Could you output all of the records below exactly as they appear?

[Data entries]
**********
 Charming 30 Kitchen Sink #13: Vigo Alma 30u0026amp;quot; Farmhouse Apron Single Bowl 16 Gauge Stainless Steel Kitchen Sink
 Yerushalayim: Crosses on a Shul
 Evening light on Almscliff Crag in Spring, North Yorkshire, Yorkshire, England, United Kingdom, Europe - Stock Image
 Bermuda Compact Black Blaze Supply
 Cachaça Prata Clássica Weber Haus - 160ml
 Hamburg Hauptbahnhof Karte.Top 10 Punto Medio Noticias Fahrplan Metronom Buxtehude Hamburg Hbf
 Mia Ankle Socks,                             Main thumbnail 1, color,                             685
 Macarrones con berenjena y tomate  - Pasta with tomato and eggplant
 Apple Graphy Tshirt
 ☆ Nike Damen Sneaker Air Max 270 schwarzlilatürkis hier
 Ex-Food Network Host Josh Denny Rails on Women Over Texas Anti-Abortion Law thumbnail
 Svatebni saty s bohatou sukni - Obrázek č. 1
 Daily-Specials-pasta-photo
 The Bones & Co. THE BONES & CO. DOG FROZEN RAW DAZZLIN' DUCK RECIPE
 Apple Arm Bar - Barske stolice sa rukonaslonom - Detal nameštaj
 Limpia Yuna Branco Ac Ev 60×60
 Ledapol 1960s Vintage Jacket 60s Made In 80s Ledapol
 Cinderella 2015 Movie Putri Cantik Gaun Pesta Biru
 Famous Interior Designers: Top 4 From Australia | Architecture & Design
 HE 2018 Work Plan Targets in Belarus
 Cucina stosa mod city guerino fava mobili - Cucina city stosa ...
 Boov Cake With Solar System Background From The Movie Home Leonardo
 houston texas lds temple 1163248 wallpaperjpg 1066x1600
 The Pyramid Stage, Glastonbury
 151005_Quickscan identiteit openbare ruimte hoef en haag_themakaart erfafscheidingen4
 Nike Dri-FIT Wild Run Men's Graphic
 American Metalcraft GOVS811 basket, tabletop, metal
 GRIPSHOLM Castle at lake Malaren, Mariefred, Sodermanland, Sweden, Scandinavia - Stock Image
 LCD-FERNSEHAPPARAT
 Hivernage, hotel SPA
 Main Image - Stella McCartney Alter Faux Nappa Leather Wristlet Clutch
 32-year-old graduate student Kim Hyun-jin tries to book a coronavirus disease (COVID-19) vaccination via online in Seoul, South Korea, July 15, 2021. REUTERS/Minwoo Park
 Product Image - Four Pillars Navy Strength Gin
**********
### RESPONSE TO THIS EXERCISE
 Charming 30 Kitchen Sink #13: Vigo Alma 30u0026amp;quot; Farmhouse Apron Single Bowl 16 Gauge Stainless Steel Kitchen Sink
 Yerushalayim: Crosses on a Shul
 Evening light on Almscliff Crag in Spring, North Yorkshire, Yorkshire, England, United Kingdom, Europe - Stock Image
 Bermuda Compact Black Blaze Supply
 Cachaça Prata Clássica Weber Haus - 160ml
 Hamburg Hauptbahnhof Karte.Top 10 Punto Medio Noticias Fahrplan Metronom Buxtehude Hamburg Hbf
 Mia Ankle Socks,                             Main thumbnail 1, color,                             685
 Macarrones con berenjena y tomate  - Pasta with tomato and eggplant
 Apple Graphy Tshirt
 ☆ Nike Damen Sneaker Air Max 270 schwarzlilatürkis hier
 Ex-Food Network Host Josh Denny Rails on Women Over Texas Anti-Abortion Law thumbnail
 Svatebni saty s bohatou sukni - Obrázek č. 1
 Daily-Specials-pasta-photo
 The Bones & Co. THE BONES & CO. DOG FROZEN RAW DAZZLIN' DUCK RECIPE
 Apple Arm Bar - Barske stolice sa rukonaslonom - Detal nameštaj
 Limpia Yuna Branco Ac Ev 60×60
 Ledapol 1960s Vintage Jacket 60s Made In 80s Ledapol
 Cinderella 2015 Movie Putri Cantik Gaun Pesta Biru
 Famous Interior Designers: Top 4 From Australia | Architecture & Design
 HE 2018 Work Plan Targets in Belarus
 Cucina stosa mod city guerino fava mobili - Cucina city stosa ...
 Boov Cake With Solar System Background From The Movie Home Leonardo
 houston texas lds temple 1163248 wallpaperjpg 1066x1600
 The Pyramid Stage, Glastonbury
 151005_Quickscan identiteit openbare ruimte hoef en haag_themakaart erfafscheidingen4
 Nike Dri-FIT Wild Run Men's Graphic
 American Metalcraft GOVS811 basket, tabletop, metal
 GRIPSHOLM Castle at lake Malaren, Mariefred, Sodermanland, Sweden, Scandinavia - Stock Image
 LCD-FERNSEHAPPARAT
 Hivernage, hotel SPA
 Main Image - Stella McCartney Alter Faux Nappa Leather Wristlet Clutch
 32-year-old graduate student Kim Hyun-jin tries to book a coronavirus disease (COVID-19) vaccination via online in Seoul, South Korea, July 15, 2021. REUTERS/Minwoo Park
 Product Image - Four Pillars Navy Strength Gin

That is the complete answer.